To do
The reply should repeat all of the data word for word, with no pictures.

________________

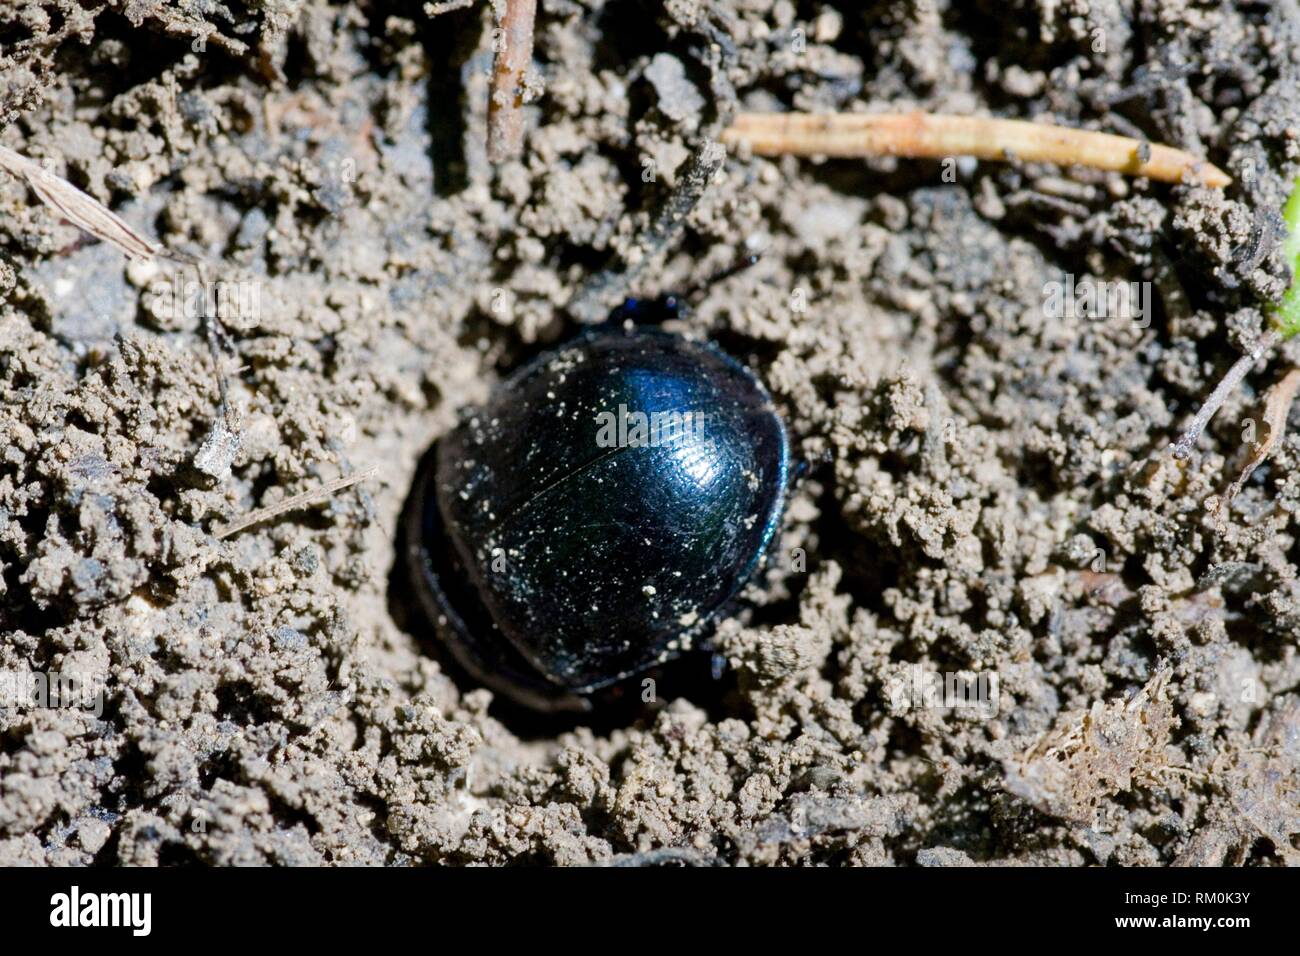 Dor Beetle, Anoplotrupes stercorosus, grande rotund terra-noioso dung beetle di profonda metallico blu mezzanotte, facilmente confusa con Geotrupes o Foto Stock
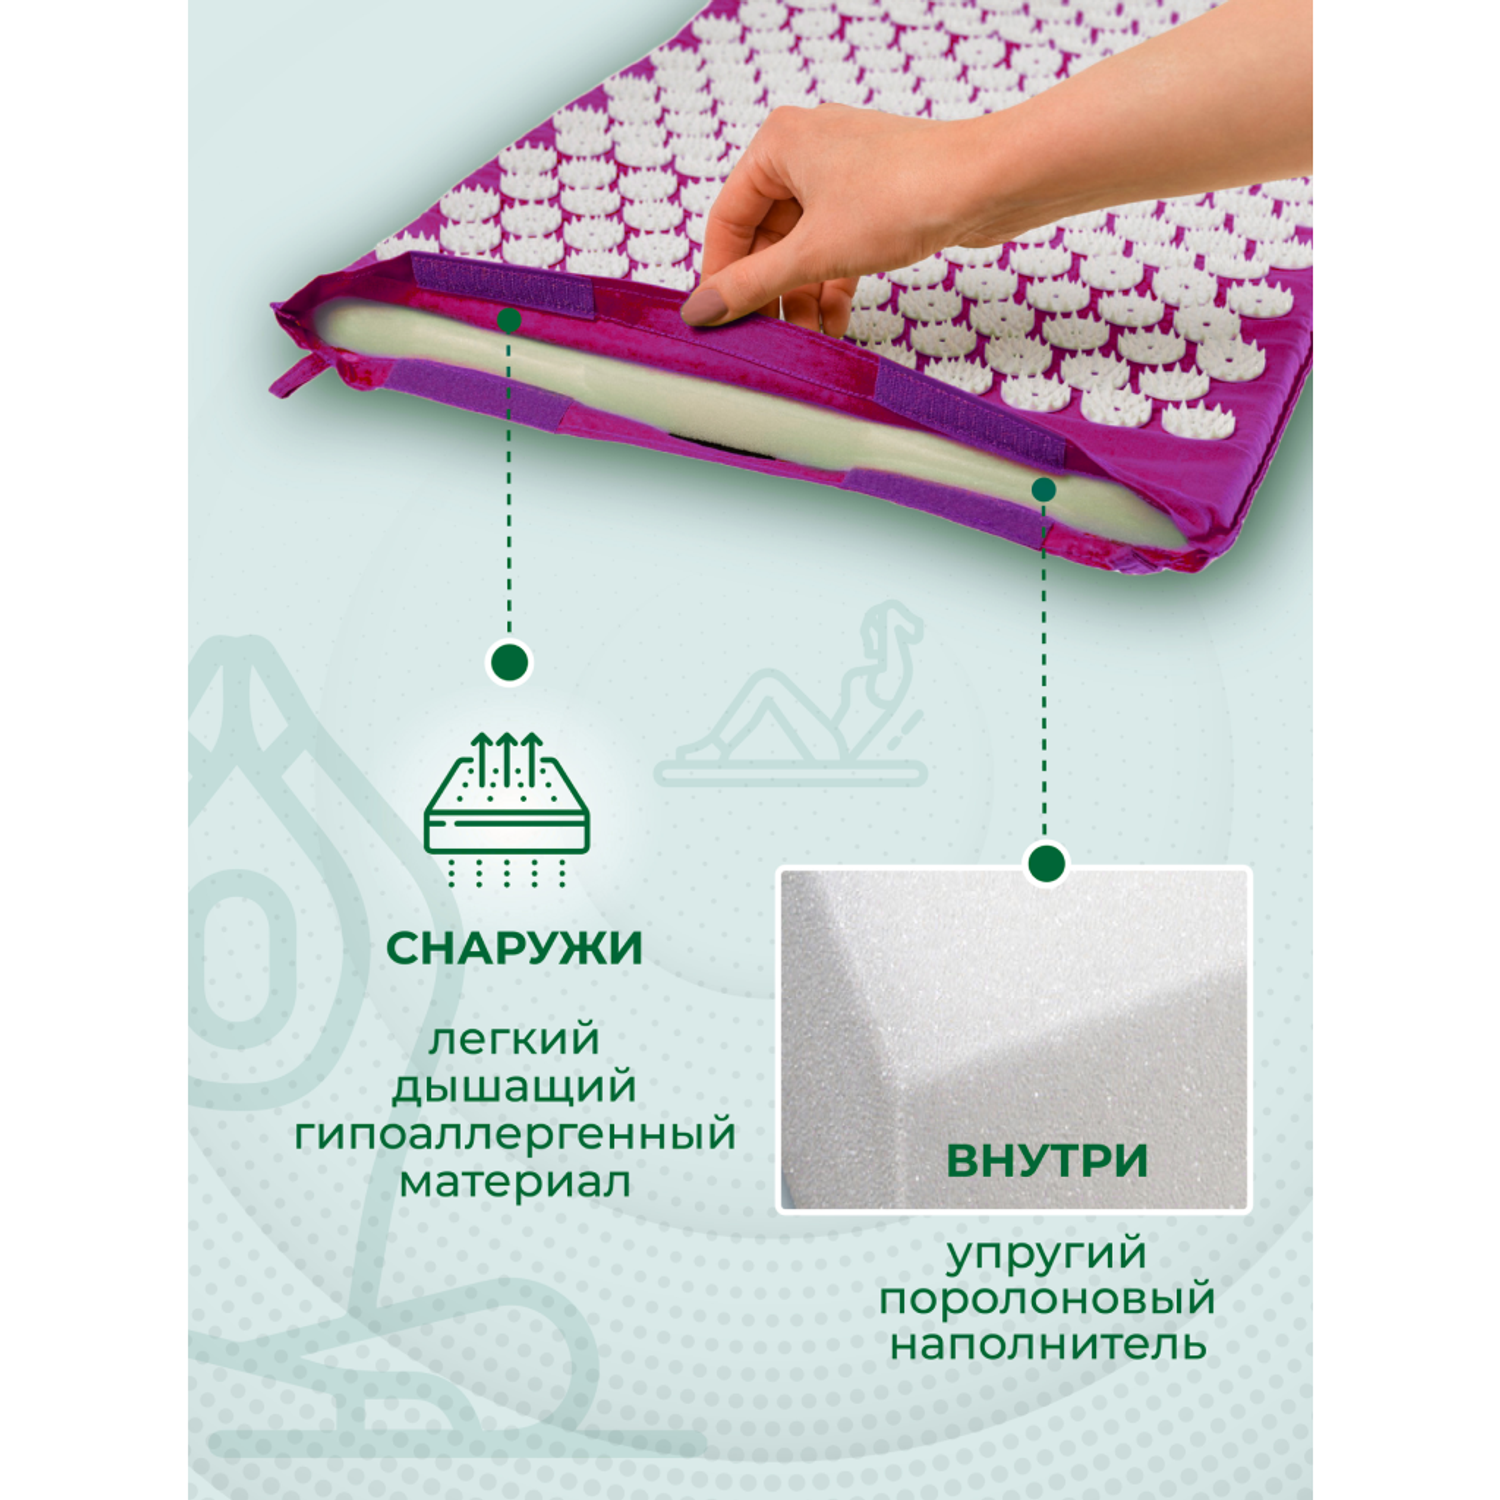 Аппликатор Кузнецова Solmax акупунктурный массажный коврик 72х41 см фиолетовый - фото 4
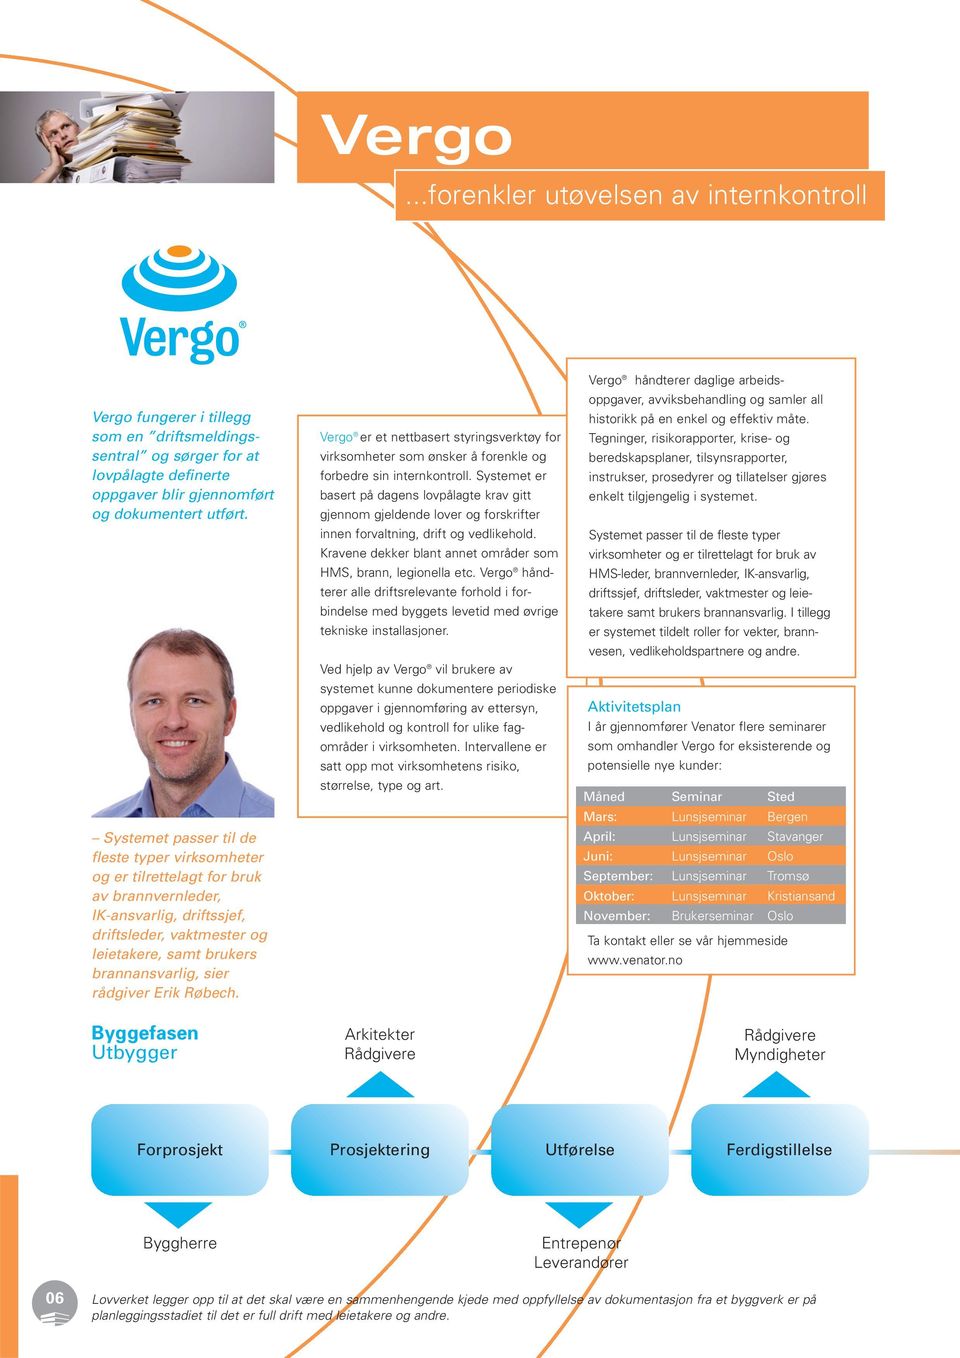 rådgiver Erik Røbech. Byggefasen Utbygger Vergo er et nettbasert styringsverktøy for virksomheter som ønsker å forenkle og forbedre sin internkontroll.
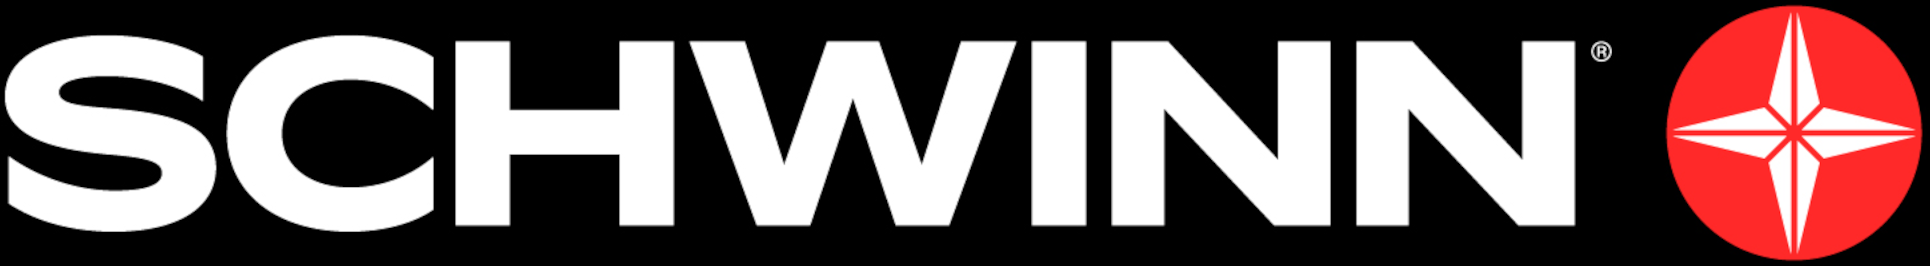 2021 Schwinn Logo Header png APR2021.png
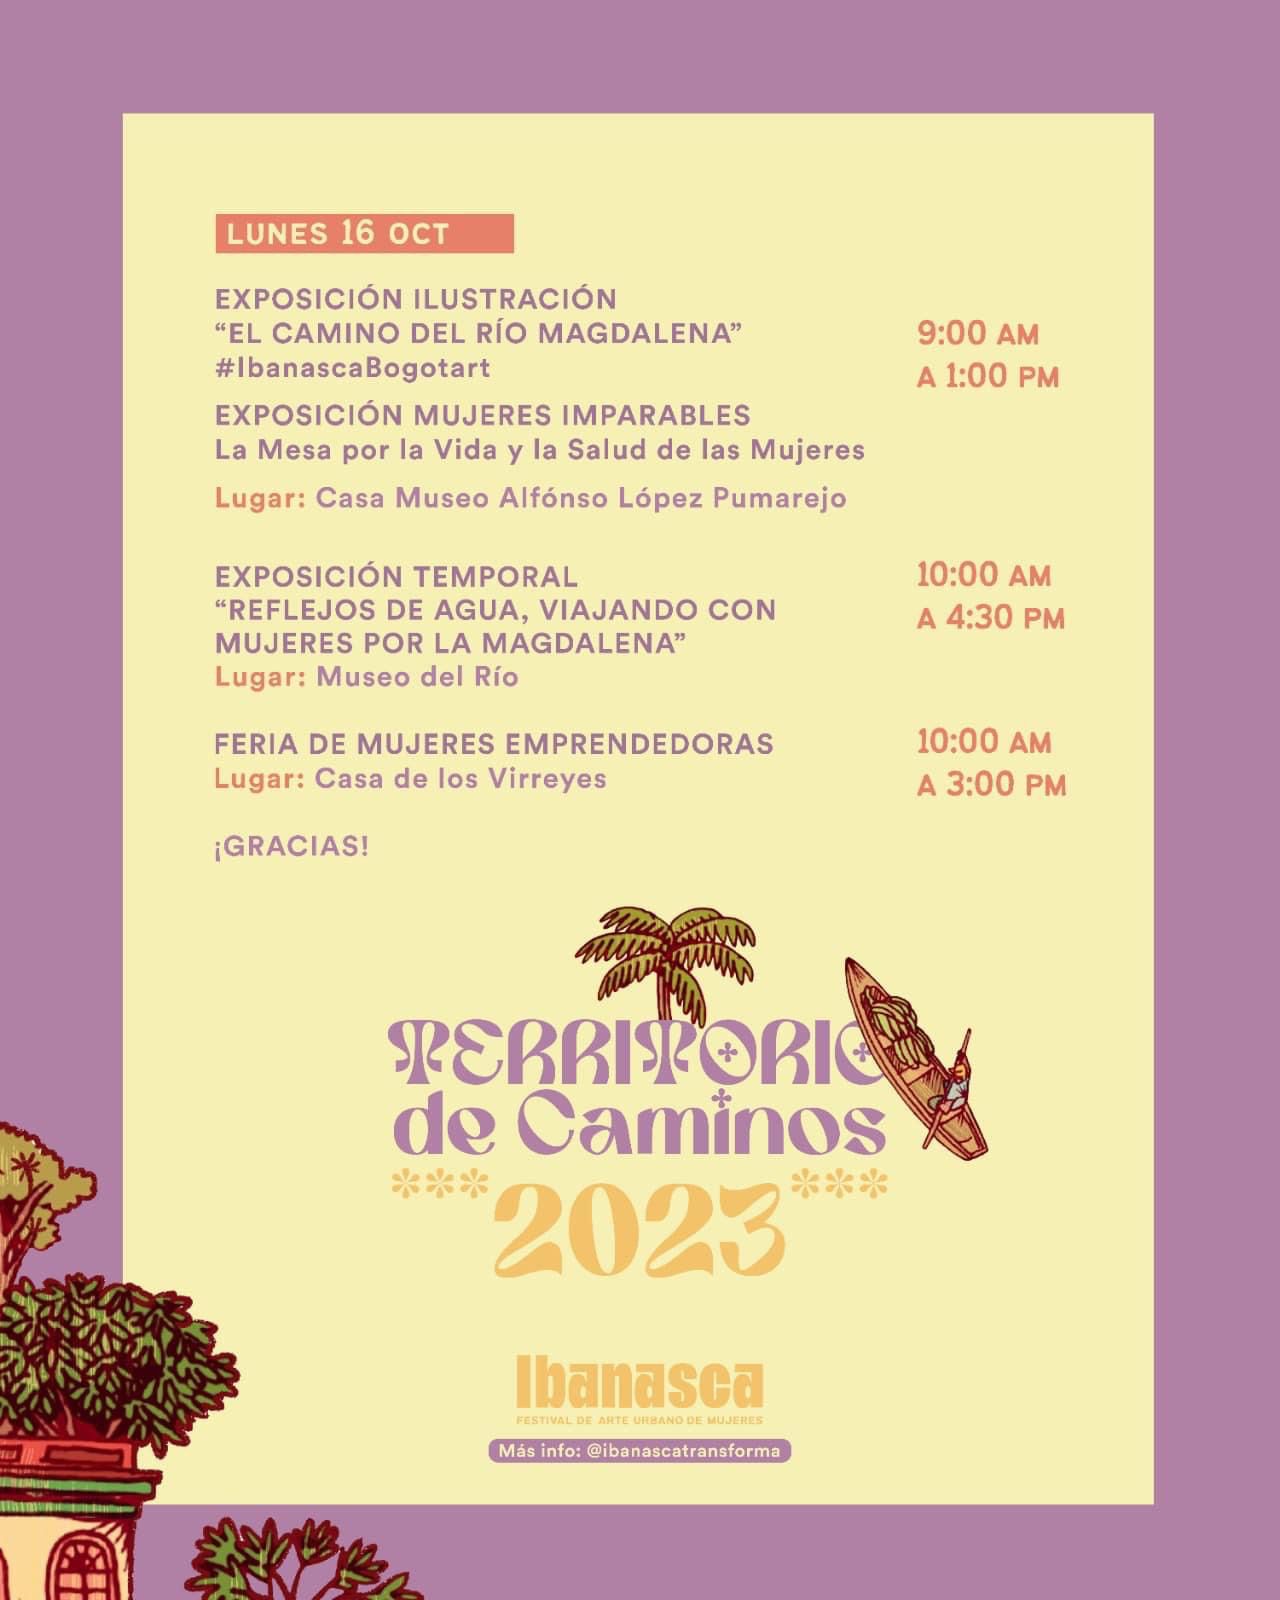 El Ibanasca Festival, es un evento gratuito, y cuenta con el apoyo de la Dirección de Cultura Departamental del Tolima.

________________

Output of the task
 Dor Beetle, Anoplotrupes stercorosus, grande rotund terra-noioso dung beetle di profonda metallico blu mezzanotte, facilmente confusa con Geotrupes o Foto Stock
 Аппликатор Кузнецова Solmax акупунктурный массажный коврик 72х41 см фиолетовый - фото 4
 rådgiver Erik Røbech. Byggefasen Utbygger Vergo er et nettbasert styringsverktøy for virksomheter som ønsker å forenkle og forbedre sin internkontroll.
 2021 Schwinn Logo Header png APR2021.png
 El Ibanasca Festival, es un evento gratuito, y cuenta con el apoyo de la Dirección de Cultura Departamental del Tolima.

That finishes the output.